Yesterday a woman called me from a debt recovery company, on behalf of Sky. She tells me that according to the records I haven’t been paying Sky since September 2009. She asks me why. I tell her that I left my house on April 4 last year and I never went back. Because of the earthquake. My Sky decoder lies crushed somewhere under the ruins.

She is struck dumb. Then she apologises and tells me she will pass the information on. Then, kindly, she asks me if everything is alright now, after a year. She tells me she loves my city, she was lucky to visit it a couple of years ago. She was fascinated by it. She remembers in particular a flight of steps in flintstone, that from the Duomo went all the way down to the Collemaggio Basilica. I suddenly feel a knot in my throat. I tell her that’s exactly where I lived. She is dumb struck again. Then she asks me to tell what my city looks like today. And I tell her.

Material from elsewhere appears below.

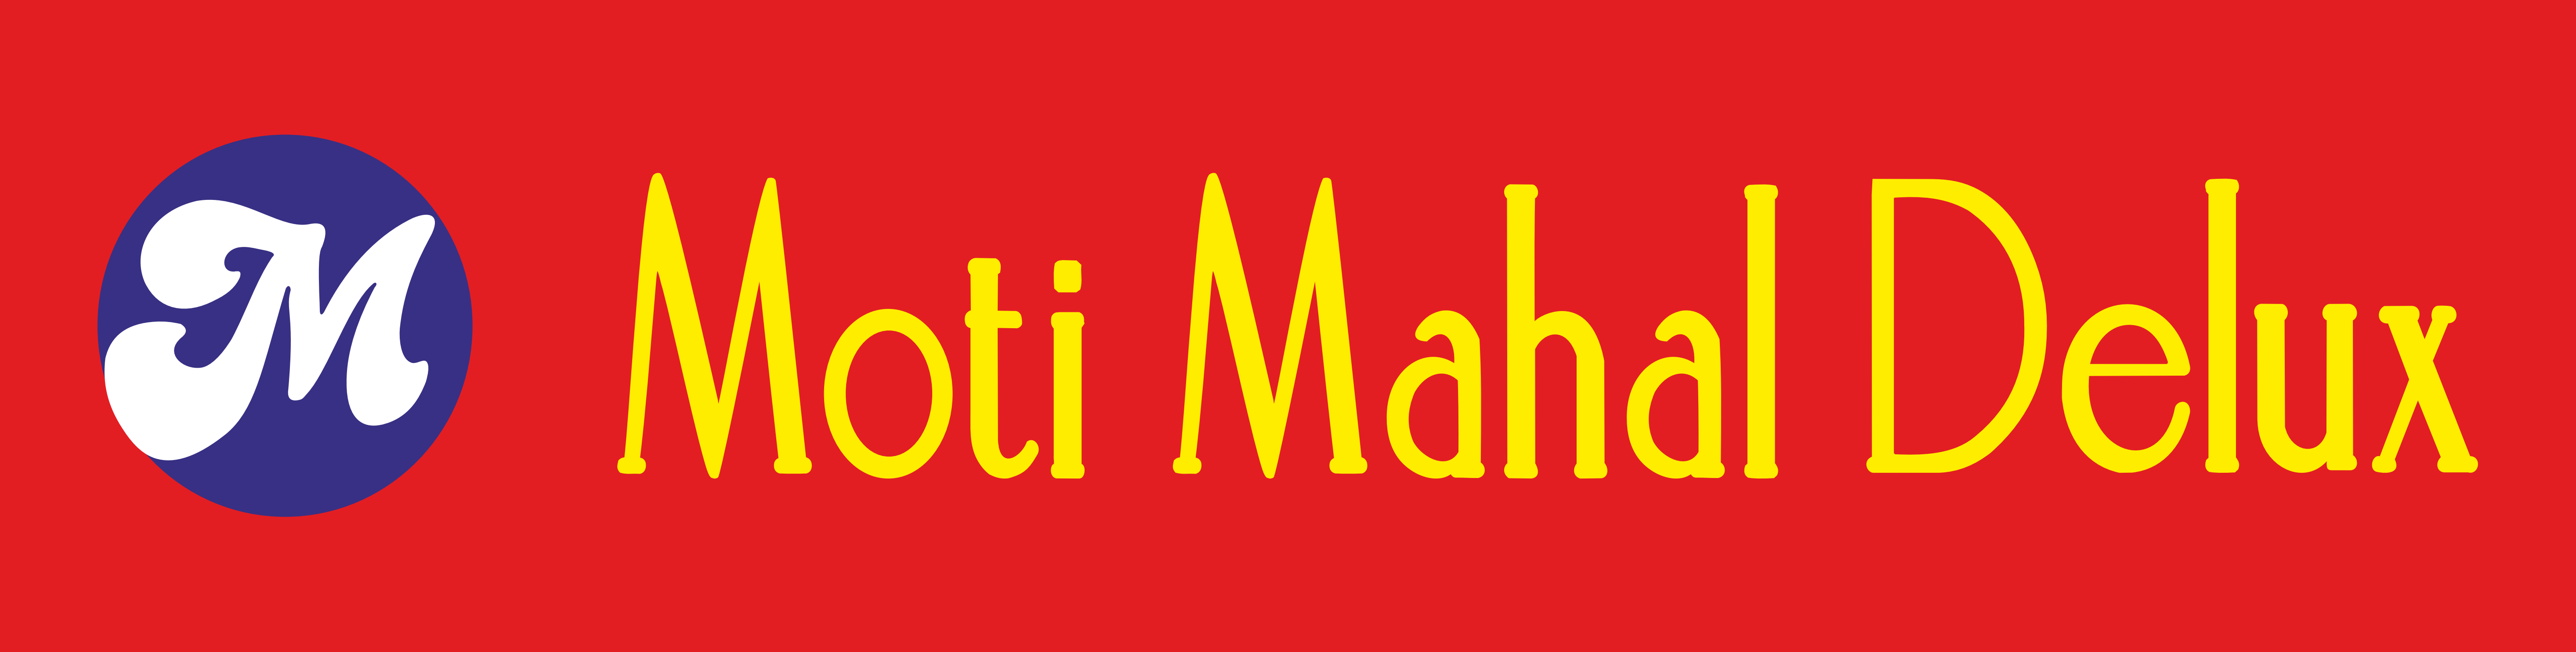 MOTI MAHAL
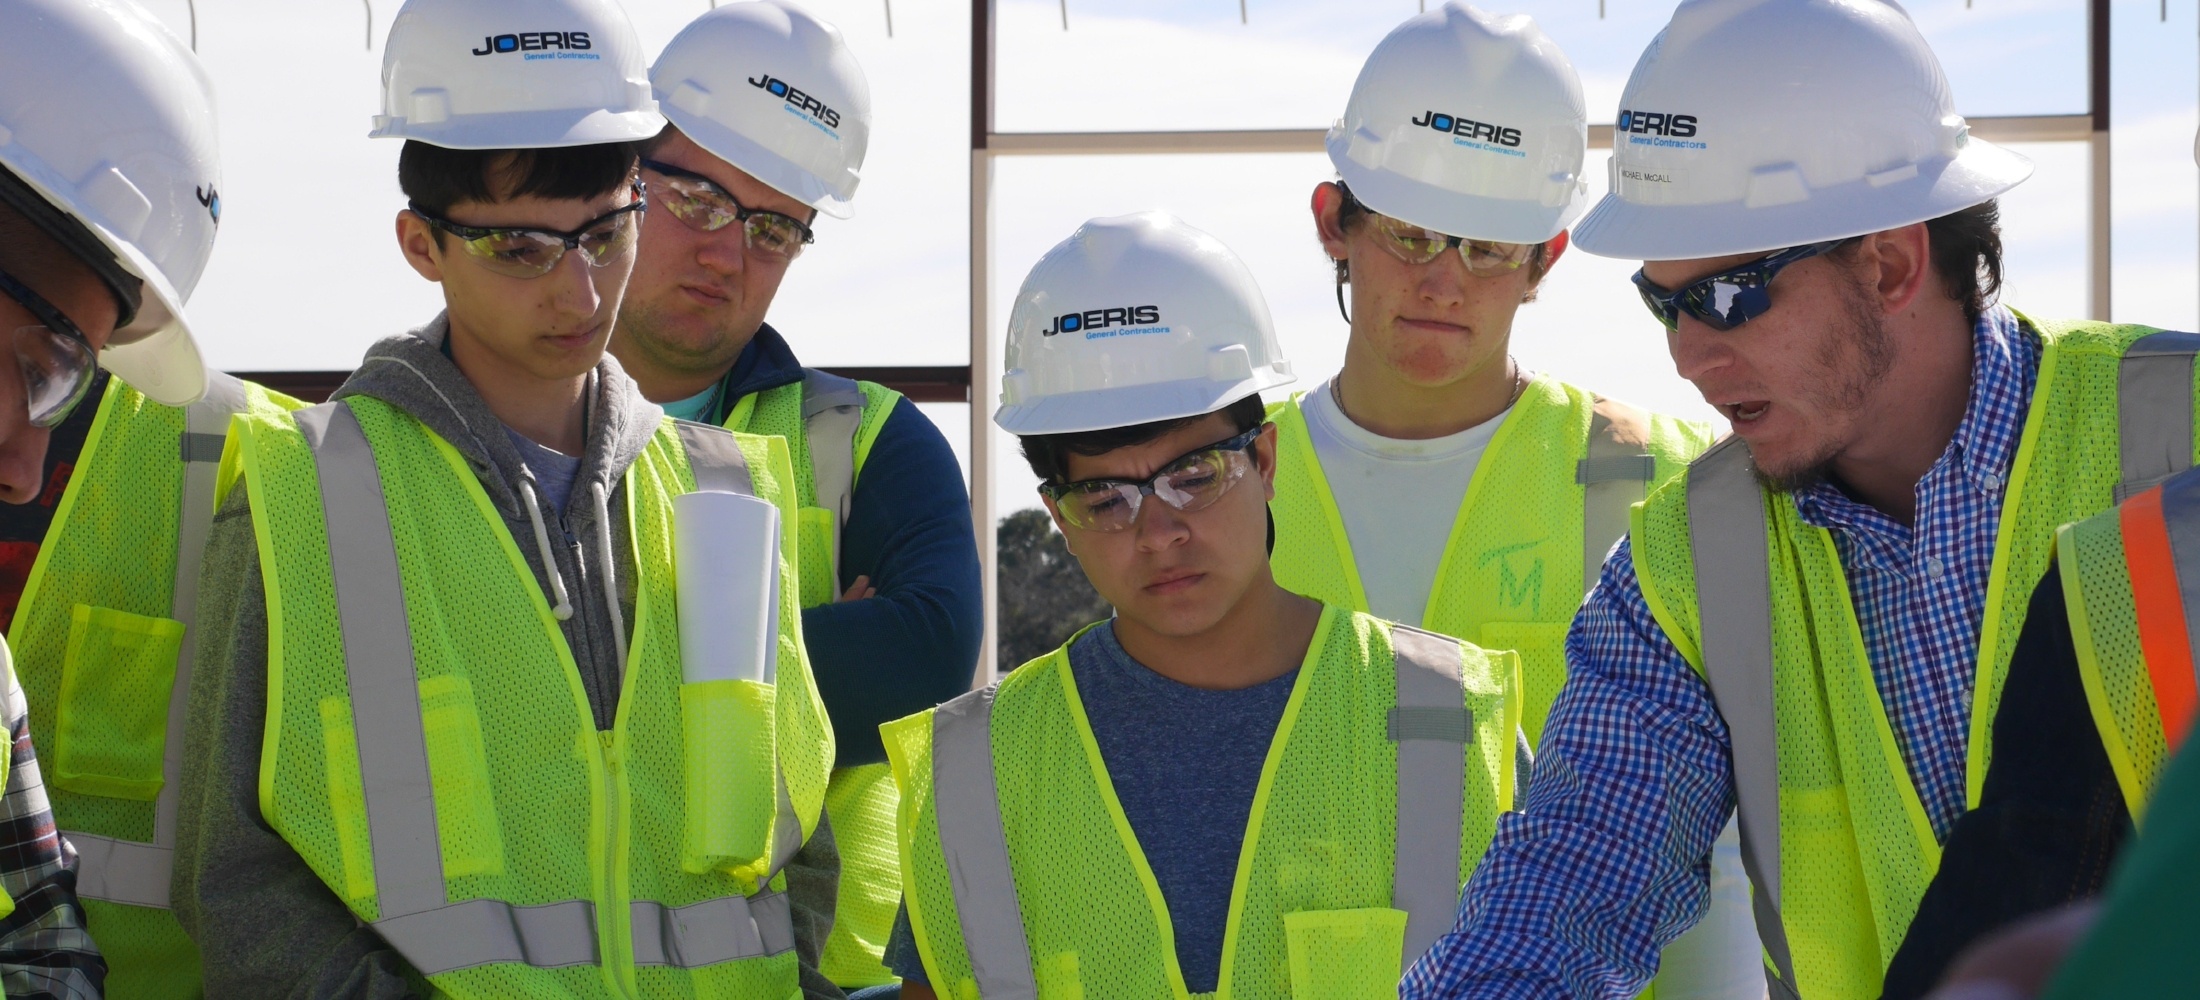 Joeris employees reviewing construction schematics at a job site.

I tell her of the militarised city centre. I tell her I can’t even go to my house everytime I want. I tell her that the thieves, however, go there whenever they want without problems. I tell her about the buildings left there to die. I tell her there isn’t money to re-build. And there isn’t money to help us survive. I tell her that, from July 1 of this year, we’ve started paying taxes again even if we don’t work. I tell her we’re still paying mortgages and Council taxes for our crushed houses. And we’ve started paying back our loans. Even people who have nothing left.

I tell her that, from July, an earthquaked with a gross salary of 2,000 Euros will only get 734 Euros net after taxes. I tell her that not only we’ve started paying taxes for this year, but we also have to pay for last year. I tell her the state doesn’t even give that little housing benefit of 200 Euro to help pay the rent for all those homeless people who manage on their own (27,000 where I live). I tell her the rent prices have triplicated. Without any control. I tell her I pay for my house in a little town of 500 souls what Bertolaso used to pay for a flat in Via Giulia in Rome*. By now I can hear her breathing heavily. I tell her of the new neighborhoods and their luxury residence prices. I tell her about the lives of the people who live there. Like in beehives with no soul. There isn’t even a newsagent or a cafe. I tell her about the elderly people who’ve been uprooted from their land, kilometres away. I tell her about the professionals who left. About the decline of enrolments to secondary schools. I tell her about a city that dies.

And she says, her voice shaking, “It’s crazy nobody knows about all this. You can’t carry on like this. Call the TV. You must tell them. Call the press. They must write it about this”.

Thing is, they don’t write about this.

* Guido Bertolaso is head of the Civil Protection National Service. What the writer is referring to is a money-laundering scandal that has recently been on the news. Bertolaso lived for a year or so in a flat (offered to him by a cardinal!) in a prestigiuos area of Rome but claims he never paid rent. Investigators think the money was actually paid and laundered.